“Great News" & "Missed Opportunity" in U.S.-Mexico-Canada Agreement

Industry groups react to details of a new United States-Mexico-Canada (USMC) Agreement with Canada and Mexico.
Industry groups react to details of a new United States-Mexico-Canada (USMC) Agreement with Canada and Mexico.
(Drovers)

President Donald Trump announced today he has renegotiated the North American Free Trade Agreement (NAFTA) and finalized a new United States-Mexico-Canada (USMC) Agreement. Cattlemen, however see both pluses and minuses to the changed.

Kevin Kester, a fifth-generation California rancher and president of the National Cattlemen’s Beef Association, says producers from his organization view the agreement as a positive step forward with our two largest beef markets.

“This new agreement is great news for American cattle producers, and another sign that President Trump’s overall trade strategy is working,” Kester said in a statement. “Over the past quarter century, free and open trade between the United States, Mexico, and Canada has been tremendously successful for our producers, and we’re pleased that we’ll be able to maintain our existing market access while seeing other U.S. producers get a better deal than they’ve gotten in the past. Hopefully Congress will approve this new deal early next year and provide American producers with the certainty we need to continue selling our products to our partners to the north and south.”
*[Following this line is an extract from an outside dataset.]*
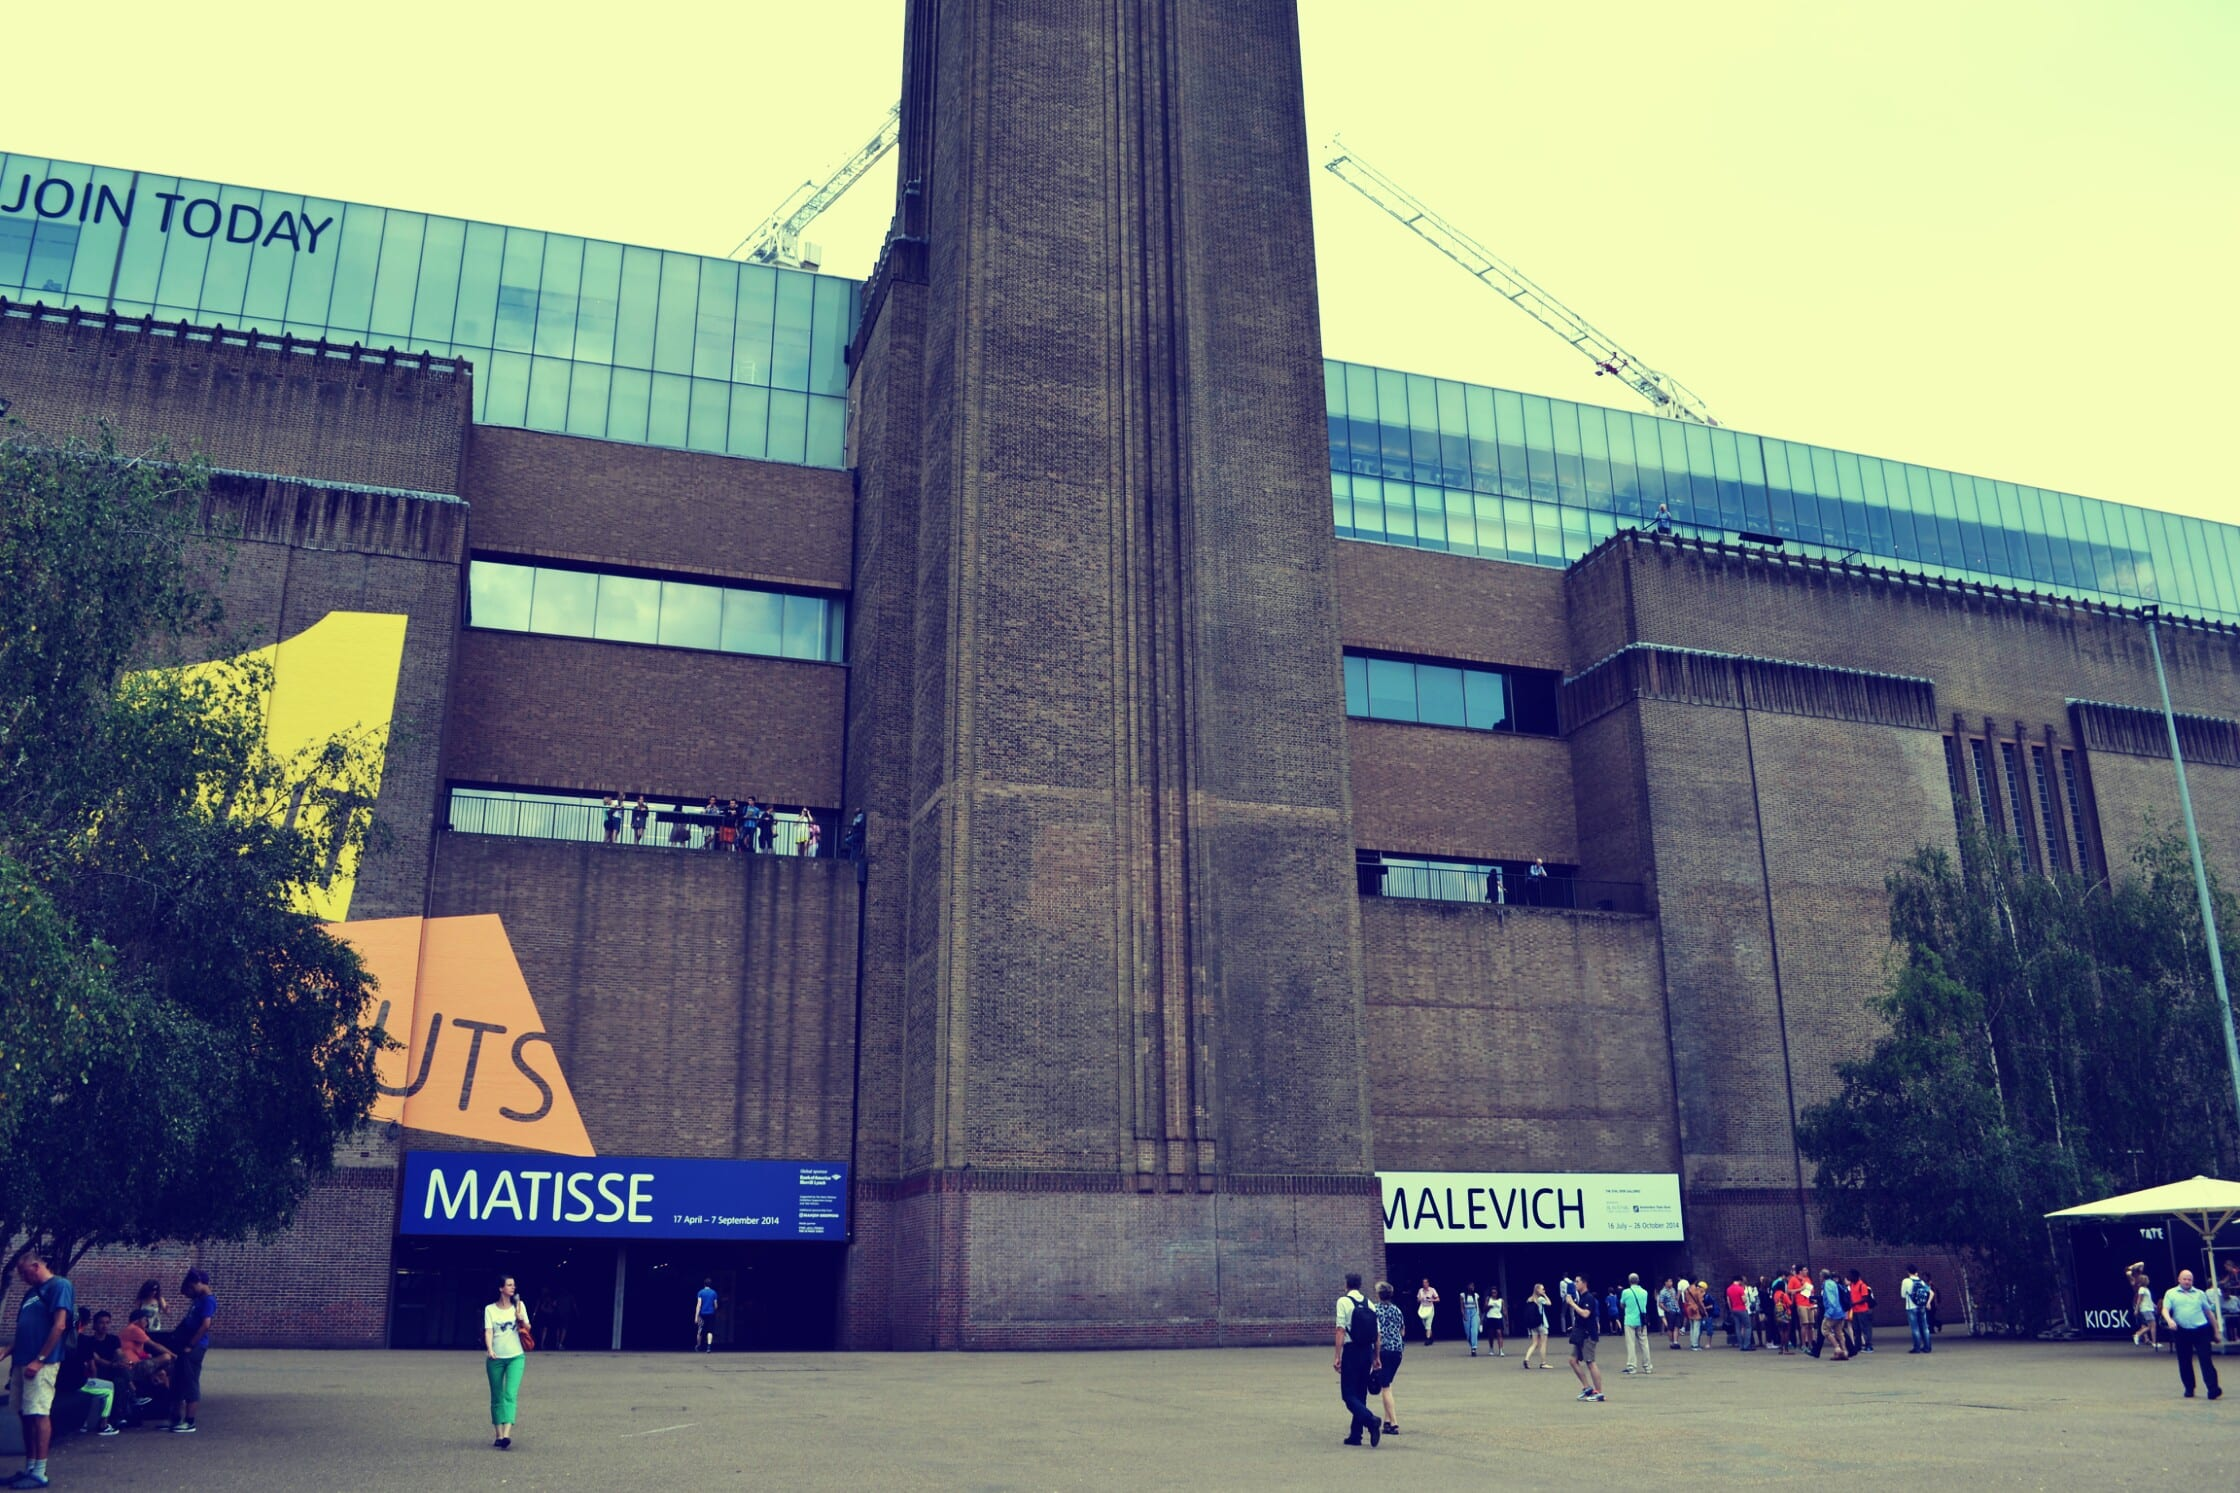 Das Gebäude des Tate Modern im Backstein-Look

Applaud for trade access was echoed by Robert McKnight, Jr., president of the Texas and Southwestern Cattle Raisers Association (TSCRA). “Trade is vitally important to cattle producers who, on average, send more than $2 billion in U.S. beef exports to Mexico and Canada each year. We are extremely pleased to hear the new United States-Mexico-Canada Agreement (USMCA) will maintain the market access that has been so beneficial to U.S. cattle producers over the last decade. We look forward to swift approval by Congress and the certainty of a bright future with our trading partners.”

What’s Not There

But market access is only part of the equation, says Bill Bullard, CEO, Ranchers-Cattlemen Action Legal Fund, United Stockgrowers of America.

“We fully supported the Trump Administration’s plan to renegotiate NAFTA and while the new U.S.-Mexico-Canada Agreement includes several important improvements, such as a first ever chapter on currency manipulation, improved rules of origin for the auto industry that require higher percentages of supply-chain parts to be sourced within the three countries, and changes to NAFTA’s Investor State Dispute Settlement procedures, it nevertheless ignores the interests of America’s independent cattle farmers and ranchers.”

Namely, R-CALF wanted additional protections for the meat industry from multinational packers.

“We are deeply disappointed that the Trump Administration, like previous Administrations, has folded under the pressure of the multinational meatpackers and their allies who successfully sought to make no changes to NAFTA that would help the largest segment of American agriculture – the U.S. cattle industry – overcome the abusive market power of foreign and domestic multinational meatpackers who will continue to leverage-down the price and value of U.S. cattle under the new agreement,” Bullard said.

The agreement also does not allow the U.S. to reinstate country-of-origin labeling (COOL) requirements for beef, Bullard adds.

“The agreement appears also to contain the same rules of origin for cattle and beef as contained in the original NAFTA, as well as in the failed TPP agreement,” Bullard said. ”Those rules allow Mexico to import live cattle from South America, slaughter them in Mexico, and then export the resulting beef duty free to the U.S. where it can be mislabeled as a product of the United States. Even consumers abroad can receive USA labeled beef that is actually sourced from foreign cattle.”

“Since NAFTA, the U.S. has imported on average over 2 million tariff-free Mexican and Canadian cattle each year. If we negotiated a trade agreement that allowed us to produce those cattle in America, our industry could support well over 6,000 new ranches, each with a 300-head herd size. Instead, our trade agreements continue to encourage both Canada and Mexico to overproduce. Our domestic live cattle supply chain shrank by 6.5 million domestic cattle since NAFTA and this U.S.-Mexico-Canada trade agreement will worsen our industry’s downward trend,” Bullard says.